Мышелов вырвал свой собственный меч вовремя, чтобы отразить мо1учий удар. Два клинка сошлись от рукоятки до острия и зазвенели.
И в ответ на этот звон или, как бы возникнув из него и постепенно нарастая, с запада, из абсолютной тишины и спокойствия пришел чудовищный порыв ветра. Он швырнул Мышелова вперед, Фафхрда крутанул назад, а Ахуру перекатил через то место, на котором минуту назад были угли от костра. Также внезапно ветер утих.
Мышелов почувствовал, как нечто, похожее на летучую мышь, задело его лица Мышелов поймал на лету загадочный предмет. Но это оказалось не мышью И даже не большим листом. Это было похоже на папирус.
Угли, сдутые в заросли сухой травы, подожгли ее кое-где. В неровном свете Мышелов держал тонкий клочок папируса, который прилетел откуда-то из беспредельных просторов запада.
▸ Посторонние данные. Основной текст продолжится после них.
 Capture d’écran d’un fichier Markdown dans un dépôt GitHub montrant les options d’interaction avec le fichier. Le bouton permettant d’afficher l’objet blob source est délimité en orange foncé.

Ничего не соображая, он двинулся к Фафхрду, который выкарабкивался из низкорослого сосняка.
На клочке, поверх путаницы неразборчивой печати было что-то нацарапано большими буквами.
«Во имя любых богов, которых вы почитаете, прекратите ссору. Шагайте вперед немедленно. Следуйте за женщиной.»
Друзья ощутили, что Ахура стоит прямо за их спинами, разглядывая написанное. Луна ярко осветила окрестности, выскользнув из-за маленького темного облака. Ахура смотрела на приятелей, запахнув хитон и платье на груди и подпоясав их своим покрывалом. Они собрали лошадей, высвободили верблюда, завалившегося в заросли колючего кустарника, которым он, не взирая ни на что, пытался утолить свой голод, и отправились в путь.
После этого Затерянный Город нашелся подозрительно быстро, он выглядел как западня, или творение иллюзиониста.
Ахура указала на усеянный камнями утес. В следующий момент друзья увидели внизу узкую долину, забитую неестественно наклонившимися глыбами, отливающими серебром в лунном свете. Резкая тень тянулась от каждого валуна.
С первого взгляда было очевидно, что называть это место «городом» нельзя. Конечно, люди никогда не жили в тех массивных каменных шатрах и хижинах, хотя они могли совершать там богослужения. Это было обиталище для Египетских колоссов, для каменных автоматов. Но у Фафхрда и Мышелова было мало времени, чтобы обозреть все как следует, так как без предупреждения Ахура пришпорила своего коня и пустилась вскачь вниз по склону, не разбирая пути и оскальзываясь на крутом спуске.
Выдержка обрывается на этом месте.